Science

Burma's new species showcased by World Wildlife Fund

A dragon fish with intricate, maze-like markings on every scale, a frog with rough, chocolate-coloured skin and a ginger plant are among more than two dozen plant and animal species found in Burma, also known as Myanmar, since it emerged from a half-century of military rule and isolation.

New report Mysterious Mekong highlights 367 new species in Southeast Asia

A dragon fish with intricate, maze-like markings on every scale, a frog with rough, chocolate-coloured skin and a ginger plant are among more than two dozen flora and fauna species found in Myanmar since it emerged from a half-century of military rule and isolation.

The World Wildlife Fund said Thursday the discoveries by global scientists in the last two years highlight the need to invest in conservation as the biologically diverse nation of 60 million revs up its economic engines and opens up to foreign investment.

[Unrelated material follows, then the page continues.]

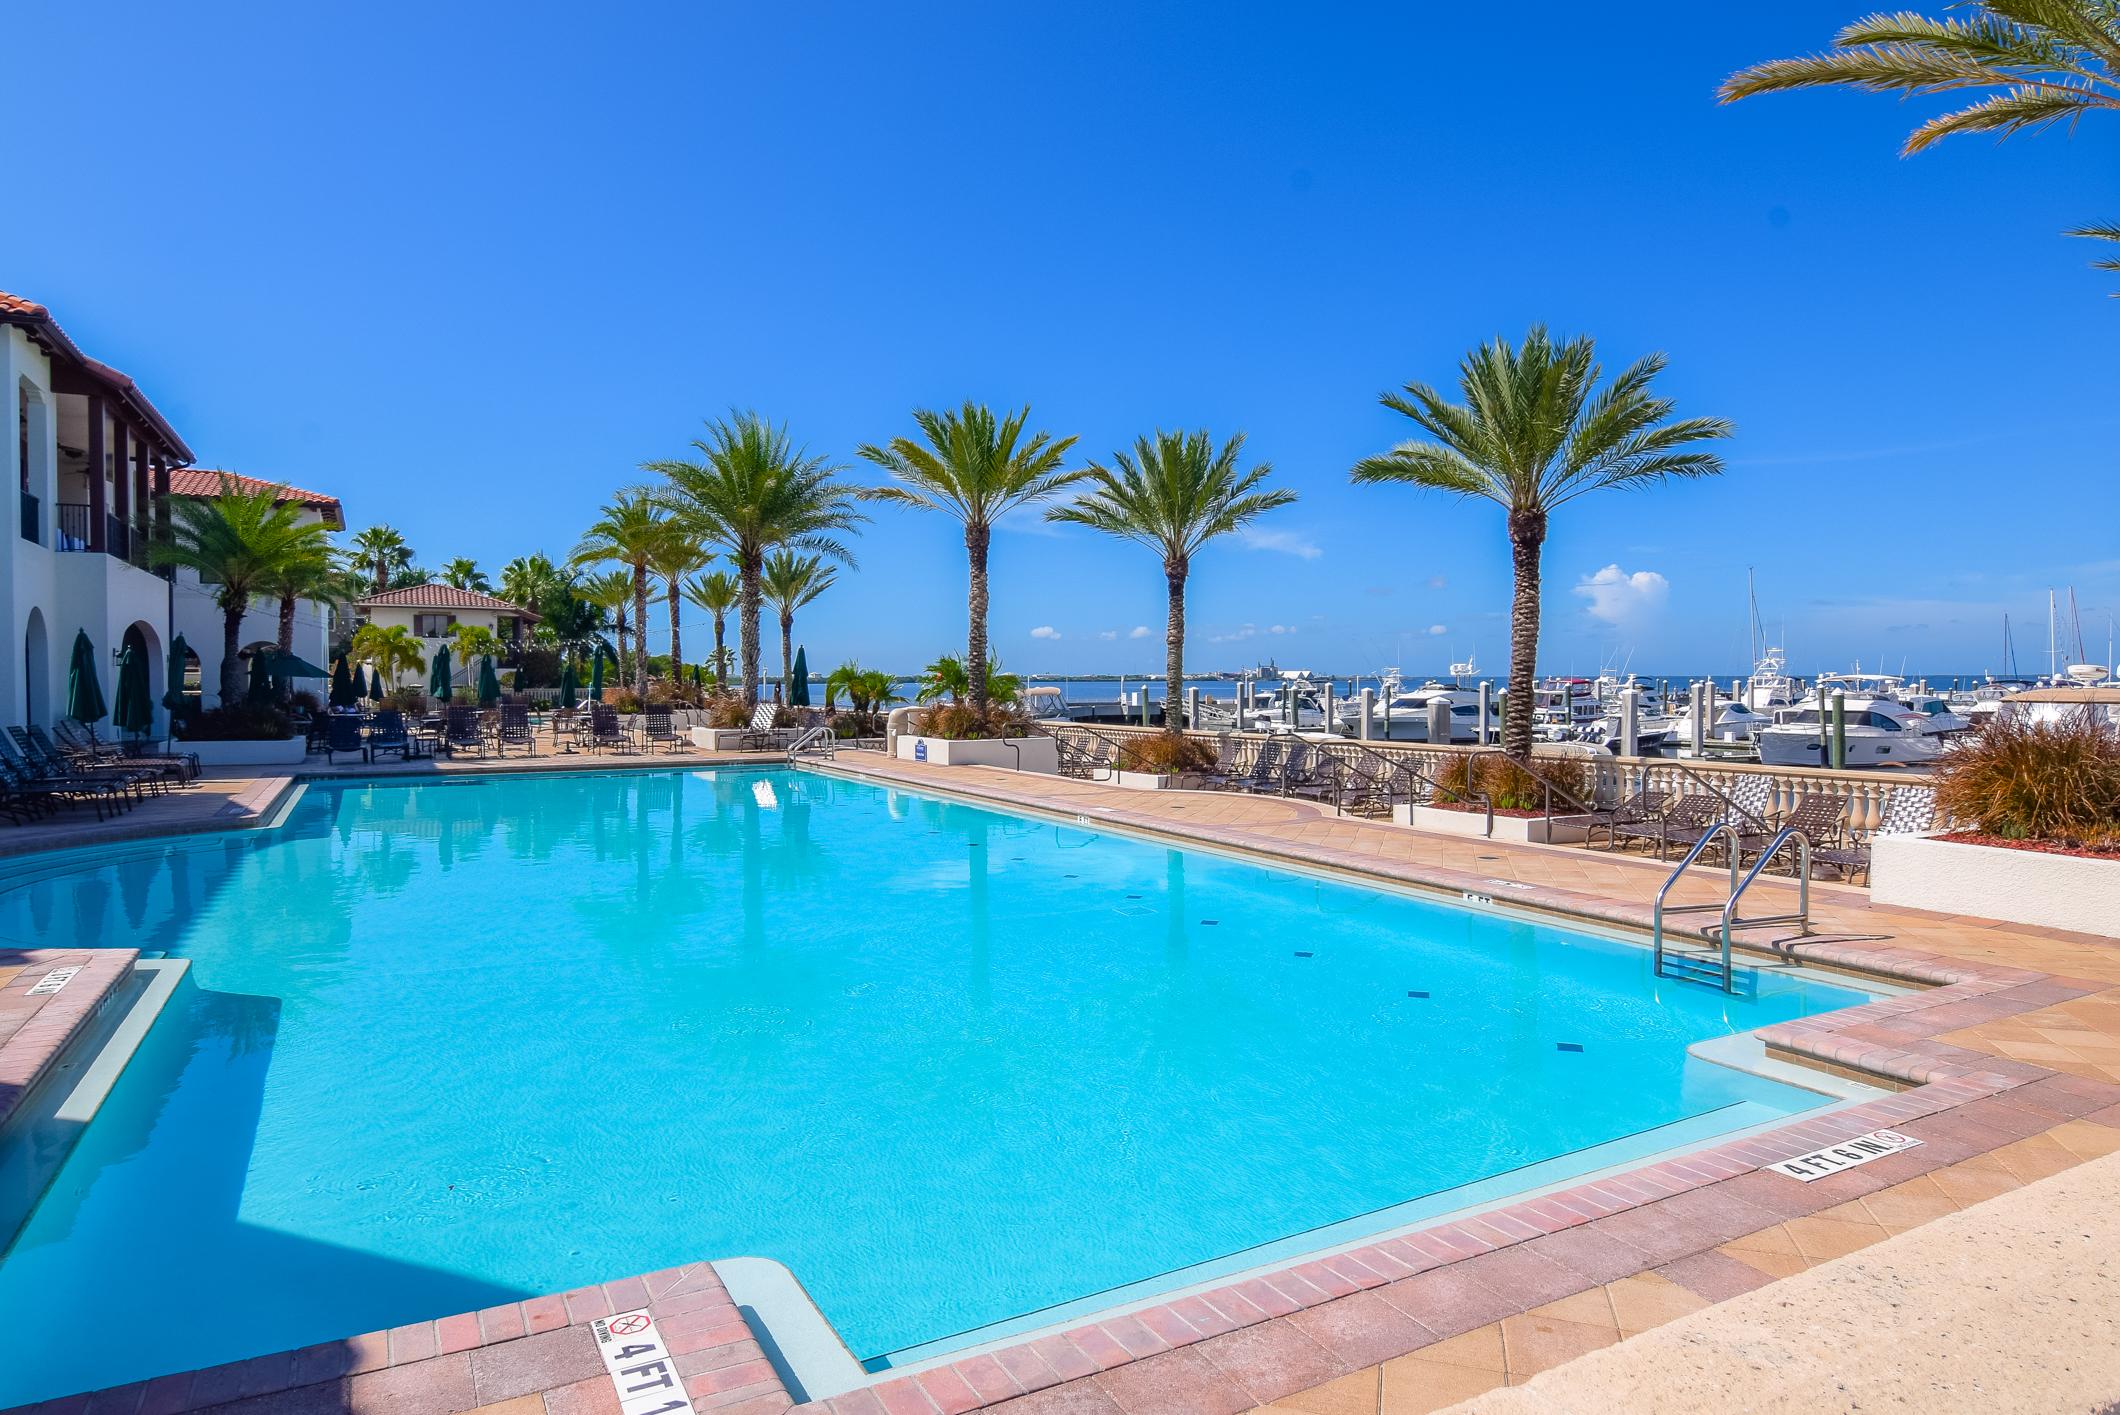 Bay Club Pool and Marina
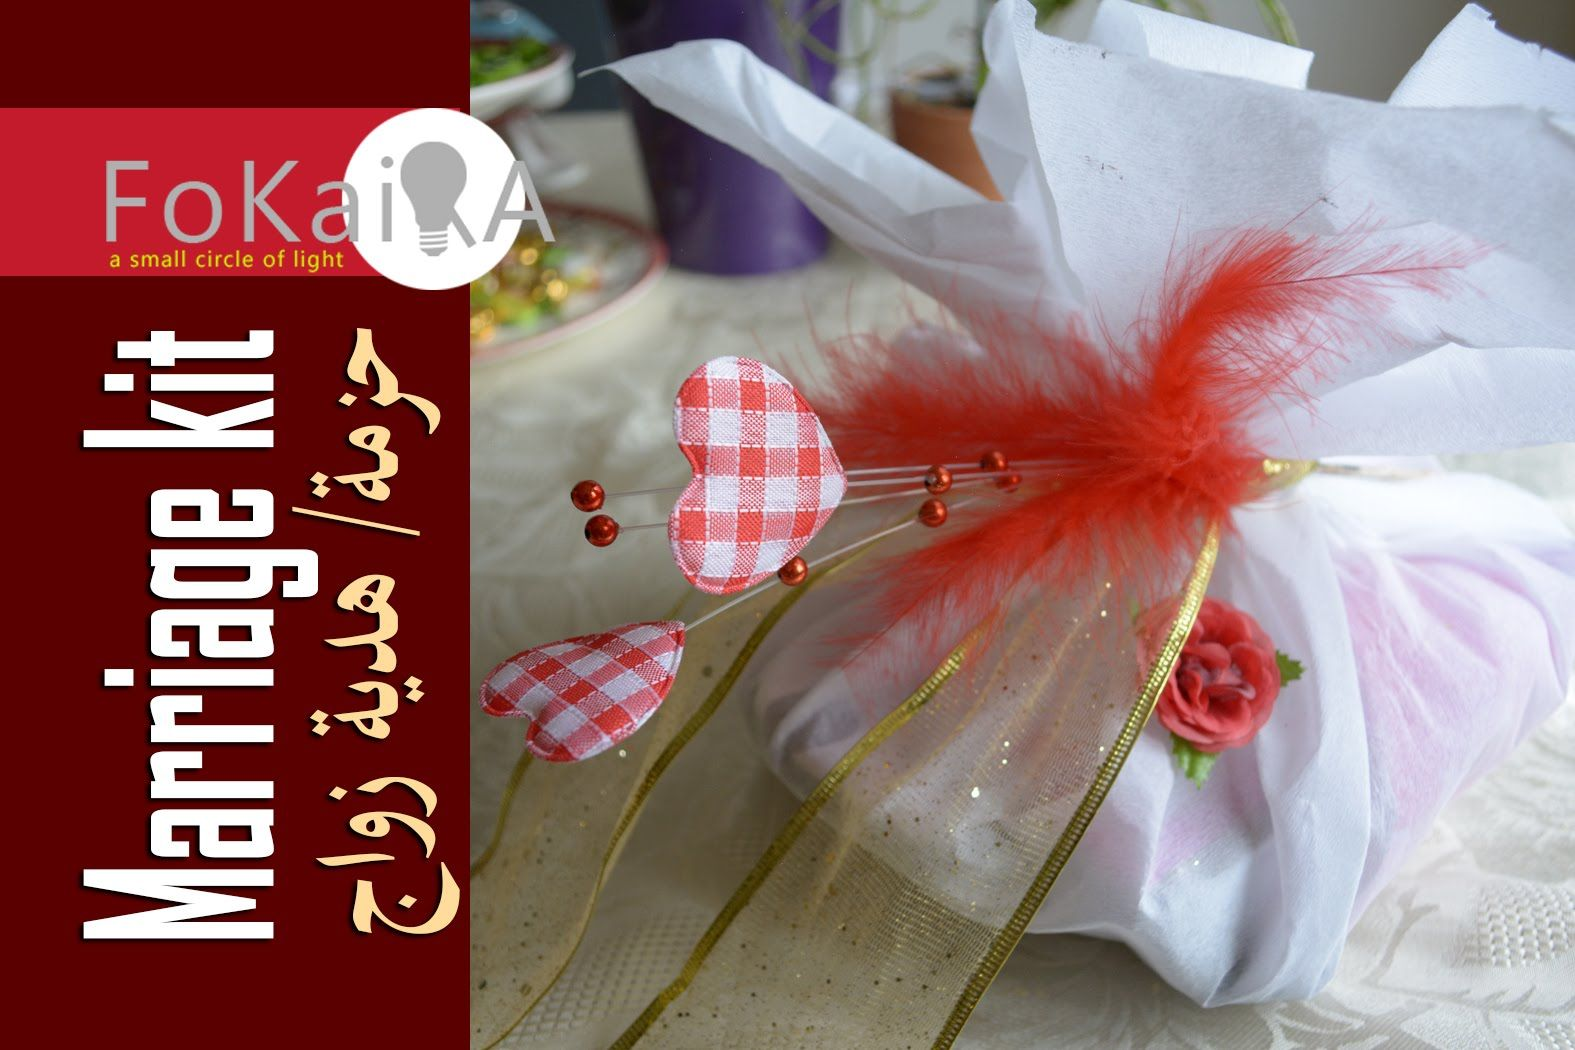 Marriage Kit Or Wedding Gift الفكيرة 95 هدية زفاف أو حزمة الزواج Table Decorations Decor Home Decor

Already, it is starting to succumb to many of the pressures felt by neighbours in Southeast Asia, from deforestation and illegal wildlife trade to mining and the development of hydropower.

The 26 plants and animals newly identified in Myanmar include a species of dragon fish, which are hugely popular in the Asian aquatic world. The so-called "scribbled arowana," is creating a buzz on the aquarium fish blogosphere because of its unheard-of complex, maze-like markings on every individual scale.

Previously unidentified by scientists, a ginger plant collected from a single region in the cloud forests of the western state of Rakhine had been hiding in plain sight at local markets, WWF said. And a chocolate-spotted frog, a member of the Amolops family, was discovered in a mountain range that stretches along Myanmar's western border and India.

Many species left to be discovered

Win Myo Thu, co-founder of the local environmental group EcoDev, believes scientists have only scraped the surface of what is yet to be discovered in his country.

In part because Myanmar was cut off from the rest of the world for such a long time, limiting the ability to carry out a proper inventory, "there is a huge, huge knowledge gap," he said. "The more research that is done, the more species we are going to find."

He too worries about the impact economic development will have on the country's "biotreasures."

"Unfortunately, no one is paying attention to protecting biodiversity," he said. "They say OK, we will do this or that, but on ground it's an entirely different story."

Many of the national parks are protected, but only on paper.

The WWF said some of the more remarkable and charismatic discoveries made in other parts of the Mekong Delta region of Southeast Asia from 2012 to 2013 — which also includes includes Cambodia, Laos, Thailand, Vietnam and Yunnan province and Guangxi Zhuang Autonomous Region in southern China — included:

  • The Cambodian tailorbird — a small, dark warbler with an orange-red tuft on its head discovered, surprisingly, in that country's capital, Phnom Penh, during spot checks for the avian flu.
  • A giant flying squirrel, its fur red and white, spotted initially by scientists at a bush meat market in Laos. In the same country, they found aspecies of huntsman spider, the first of its kind in the world without any eyes, something scientists say is attributable to living permanently without daylight.
  • In Vietnam, a tiny, almost transparent fish that mates head-to head, its sex organs just behind its mouth. Scientists also found the Helen's flying frog, just 100 kilometres (60 miles) from Ho Chi Minh City, which glides between treetops using its large, webbed hands and feet.